• What you will do: An exact copy of all the data is required, with pictures left out.

• Data shown:
<<<<

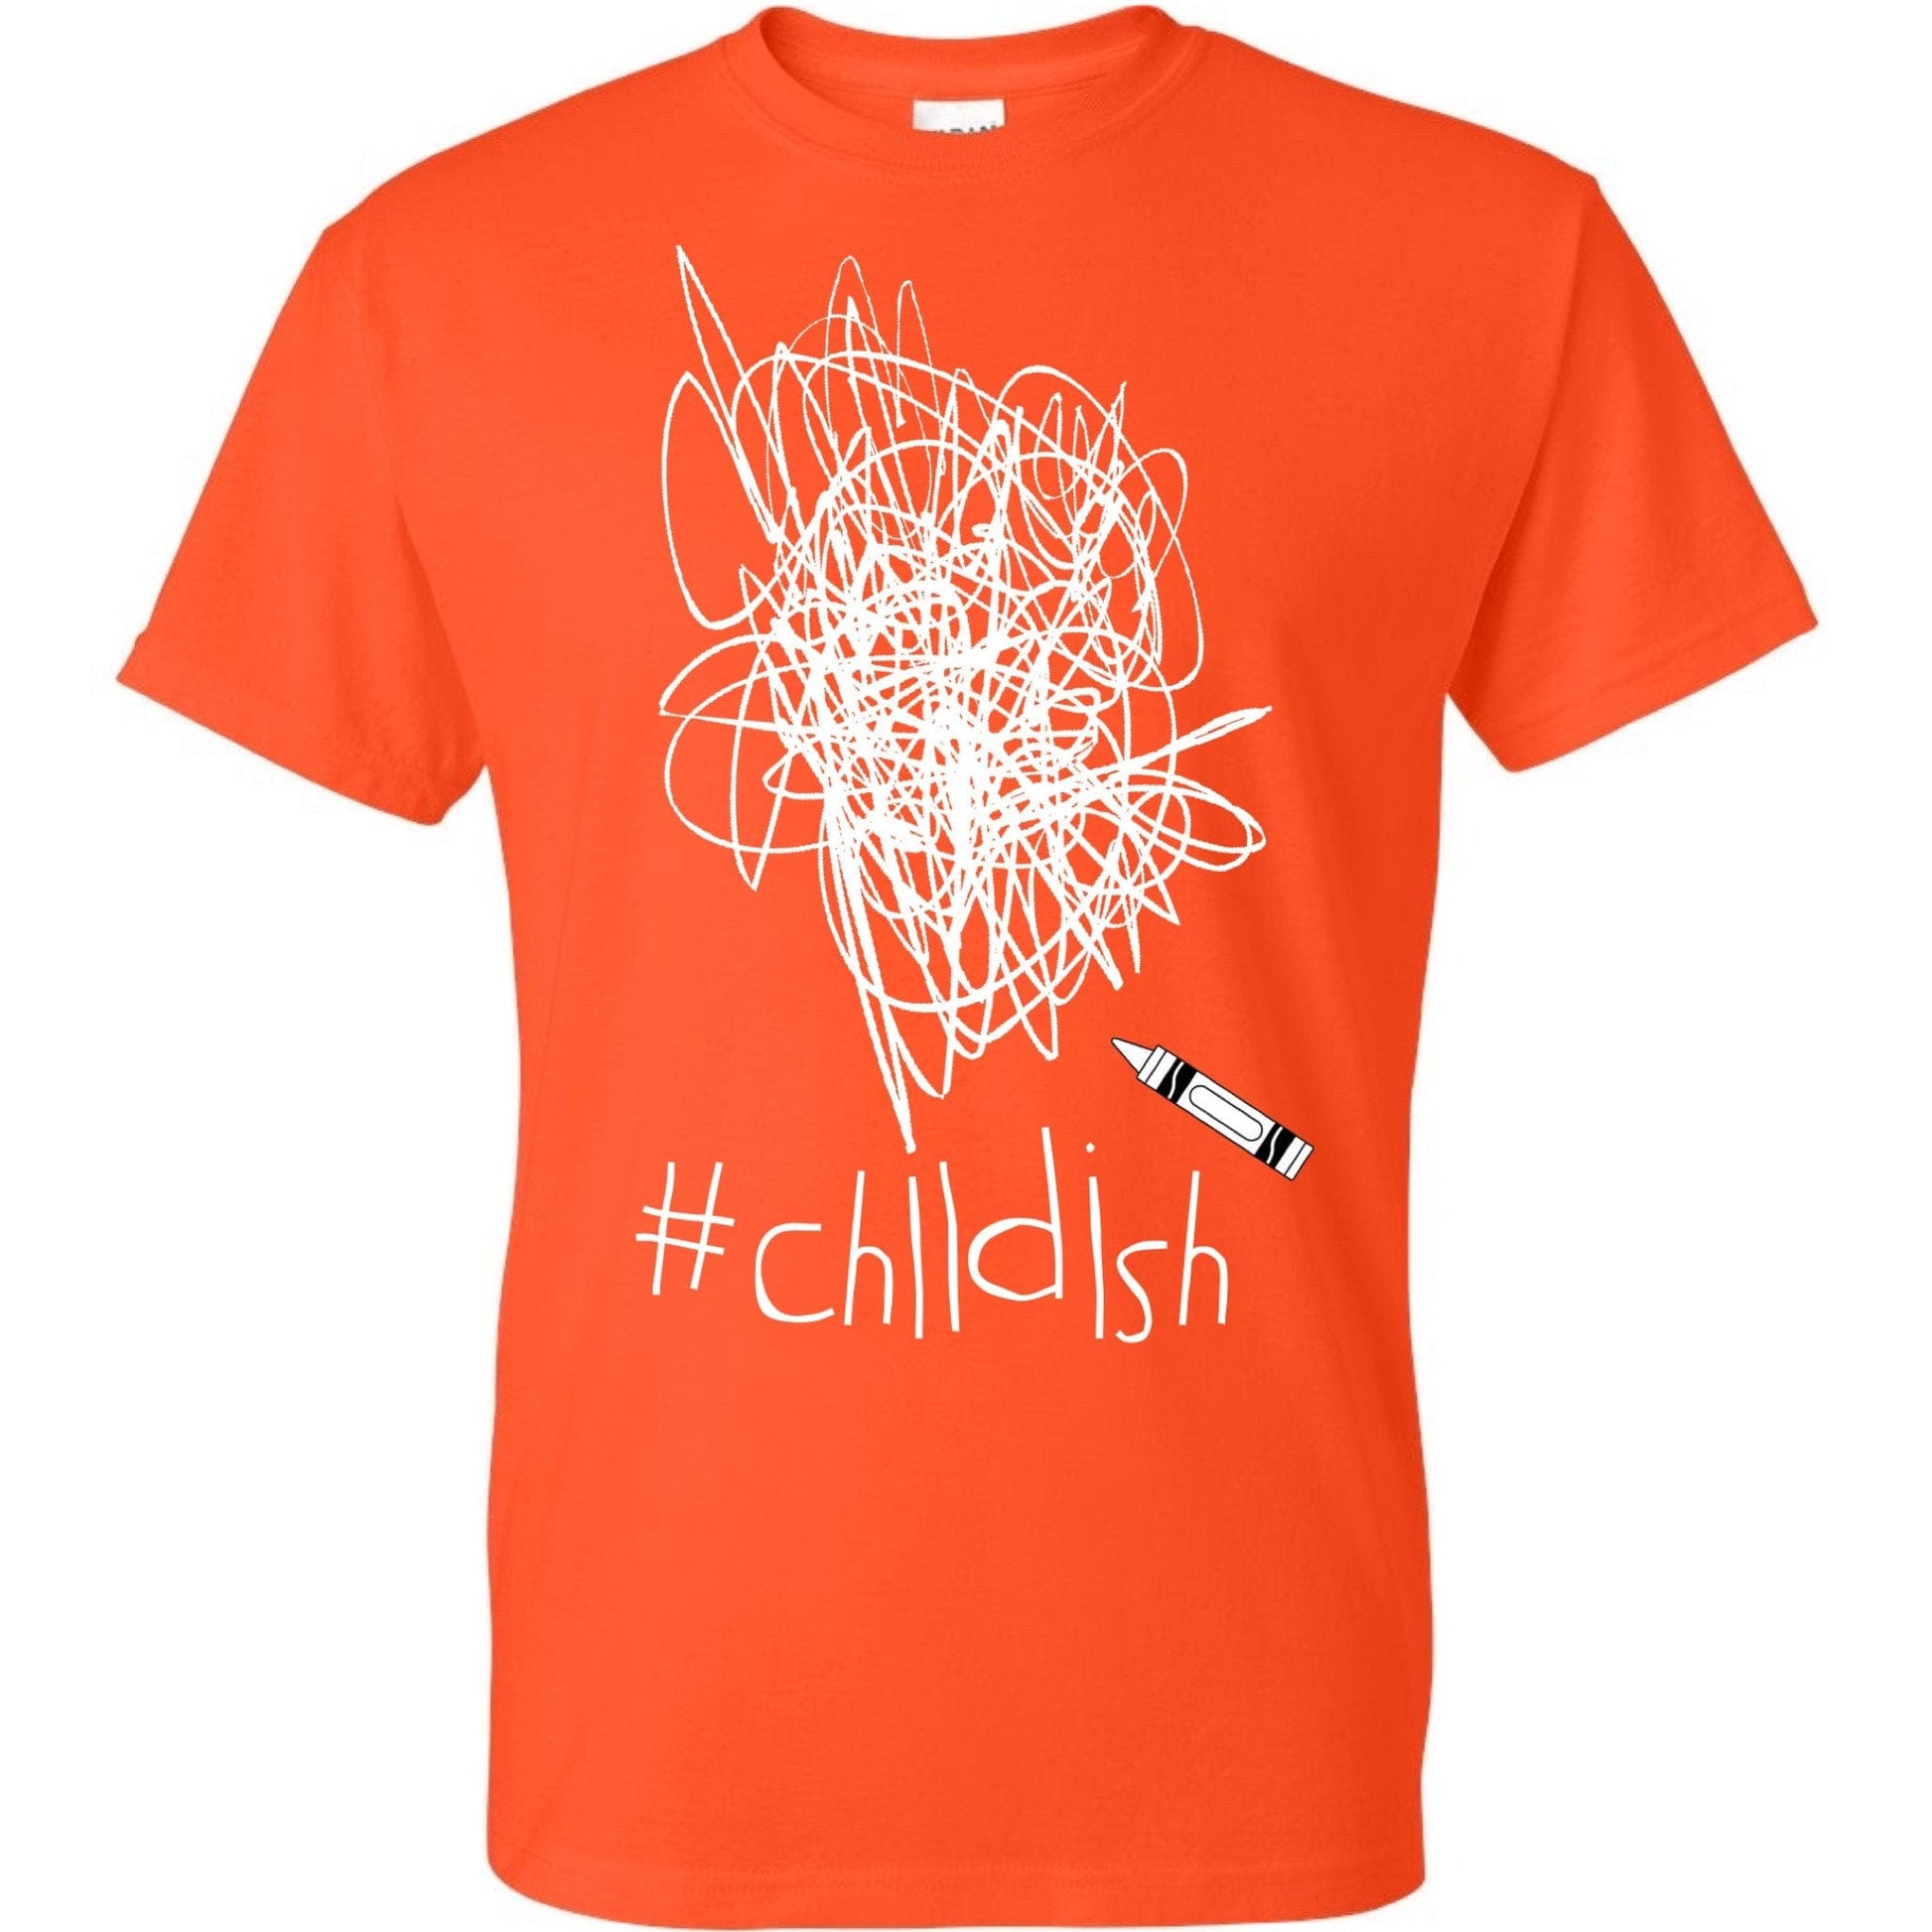 InsensitiviTees Shirts S / Orange #childish T-shirt
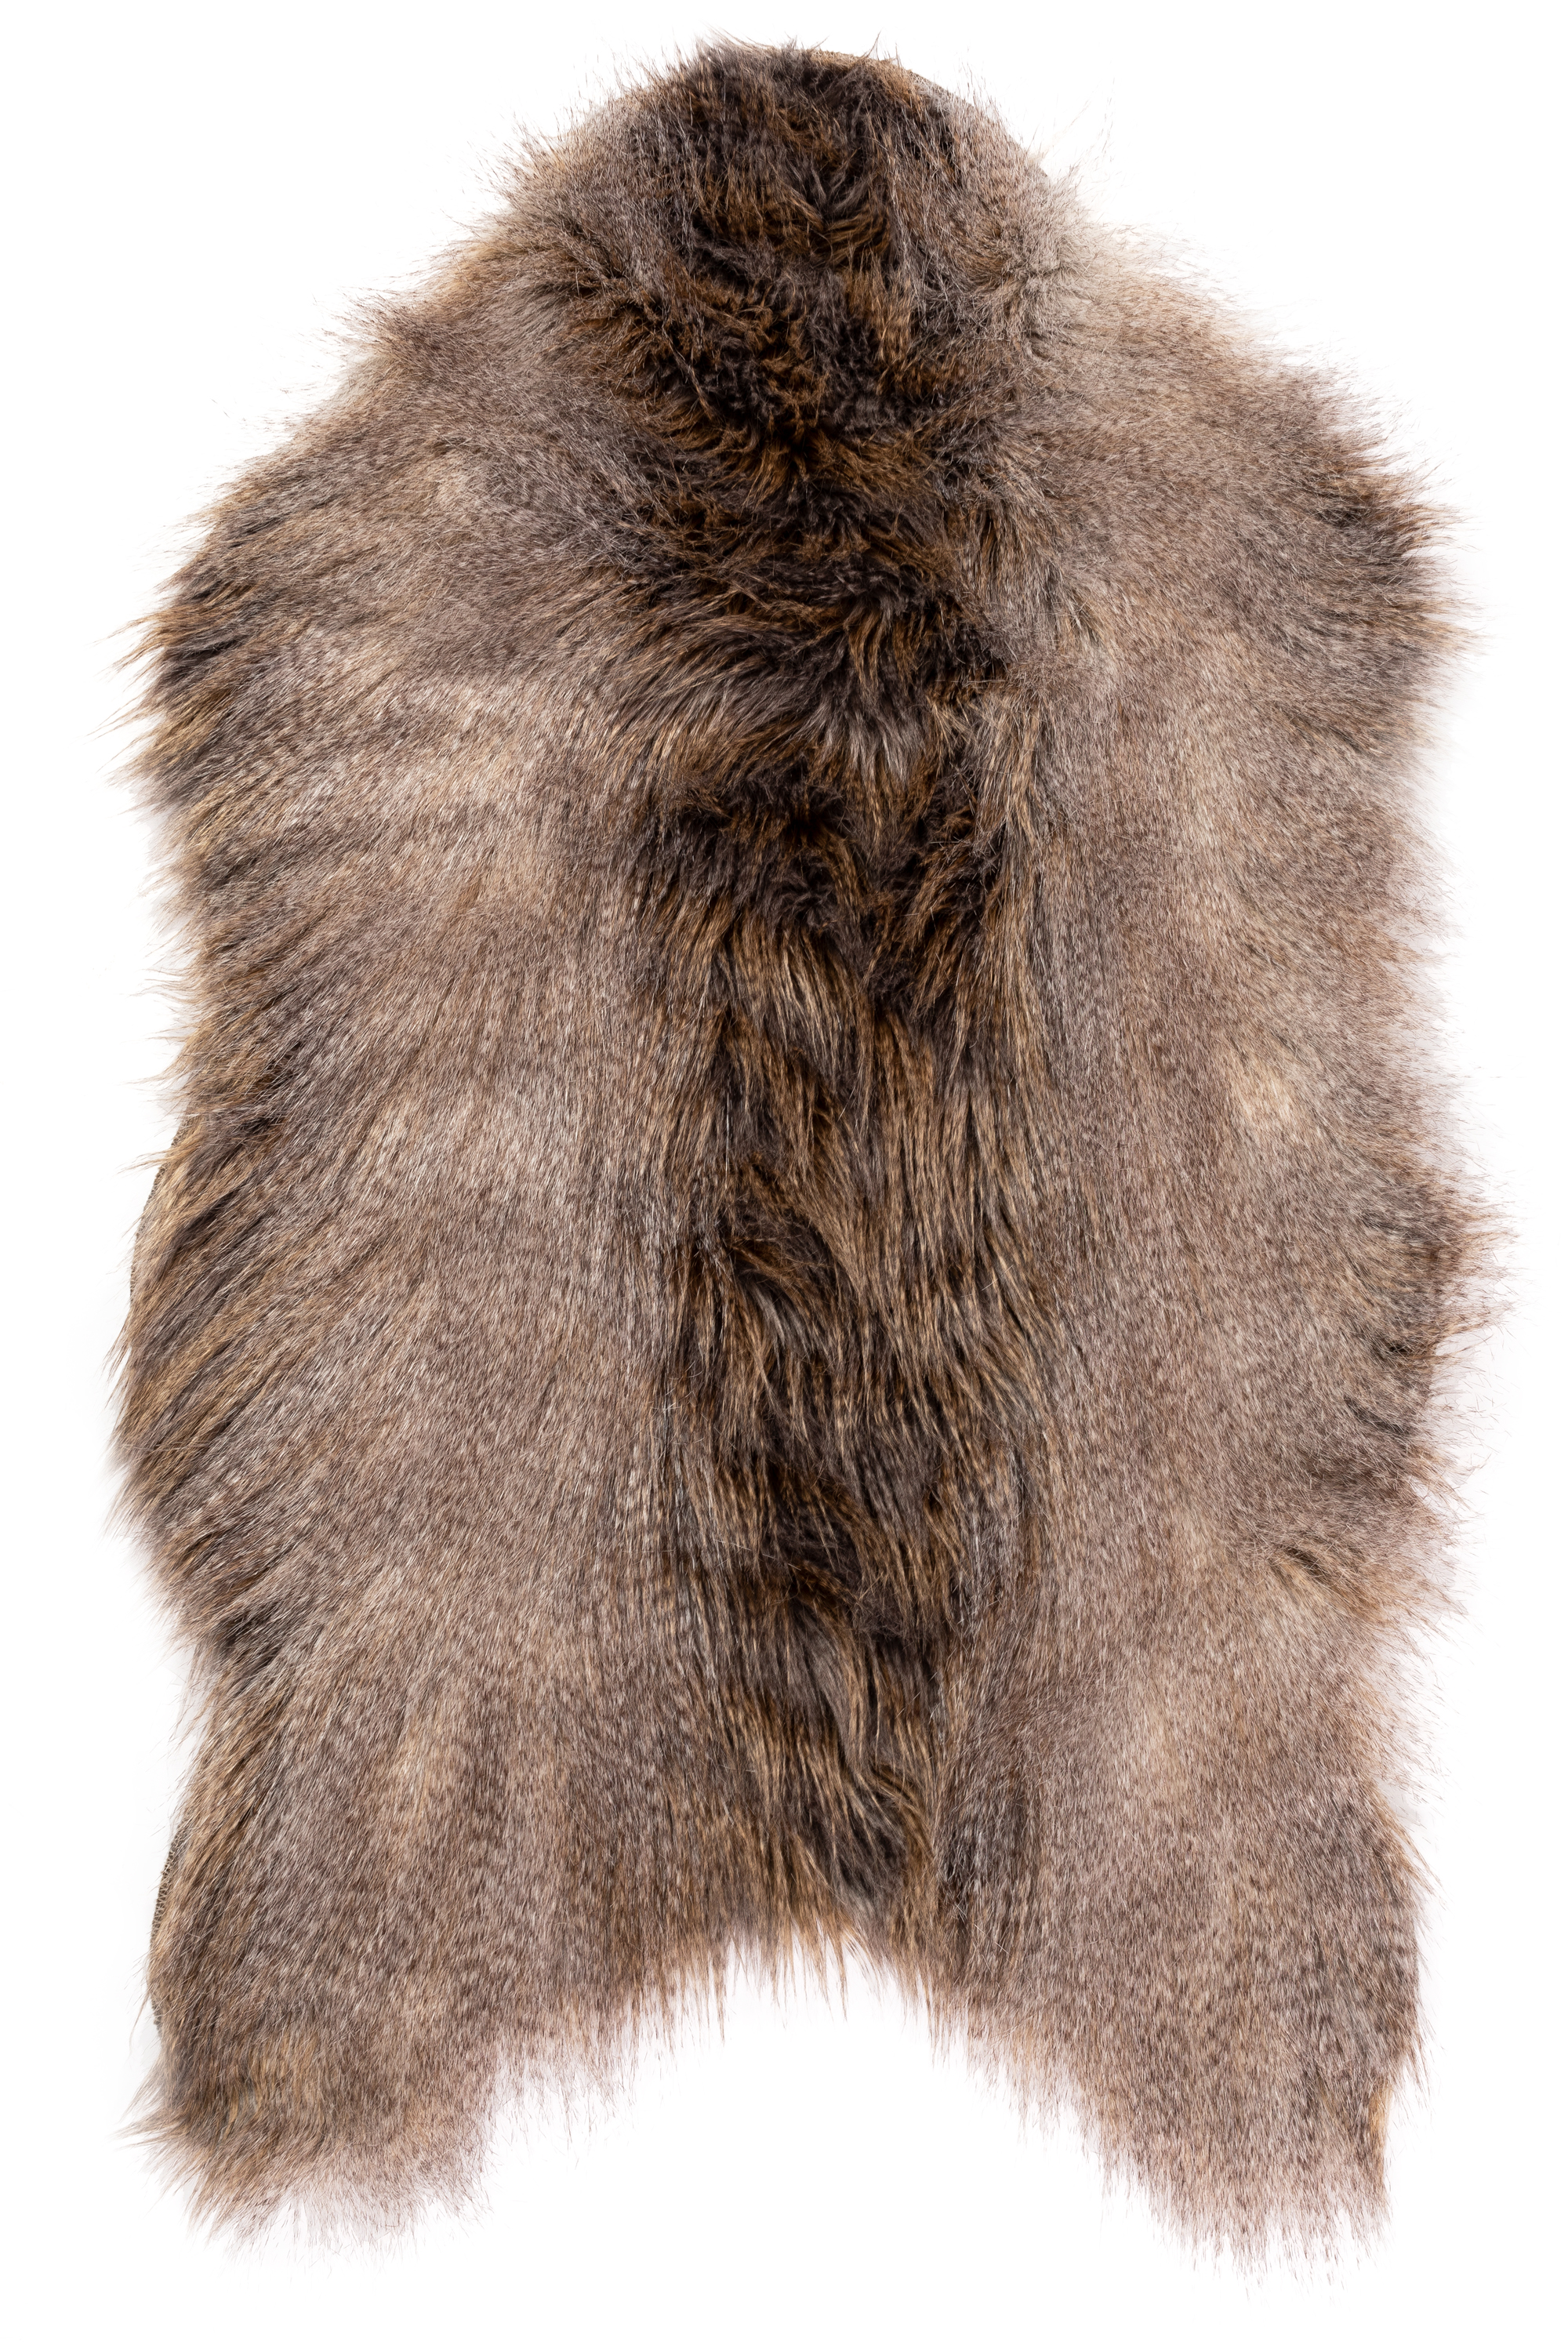 Carpet FOX fur - 50X80cm, dark brown
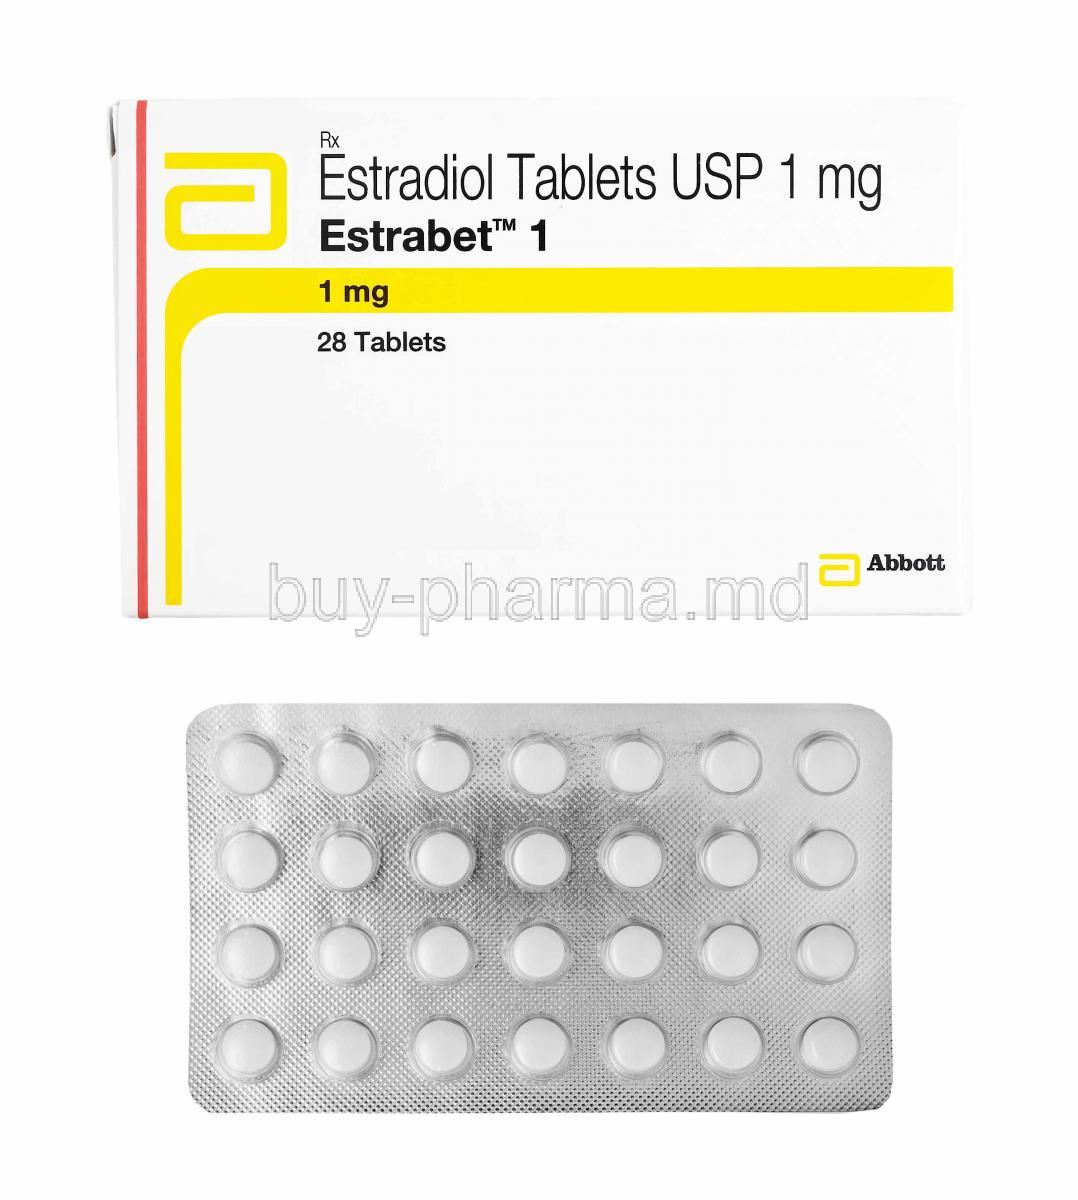 Estrabet, Estradiol 1mg box and tablets

>>>>

• Written solution:
 InsensitiviTees Shirts S / Orange #childish T-shirt
 Carpet FOX fur - 50X80cm, dark brown
 Estrabet, Estradiol 1mg box and tablets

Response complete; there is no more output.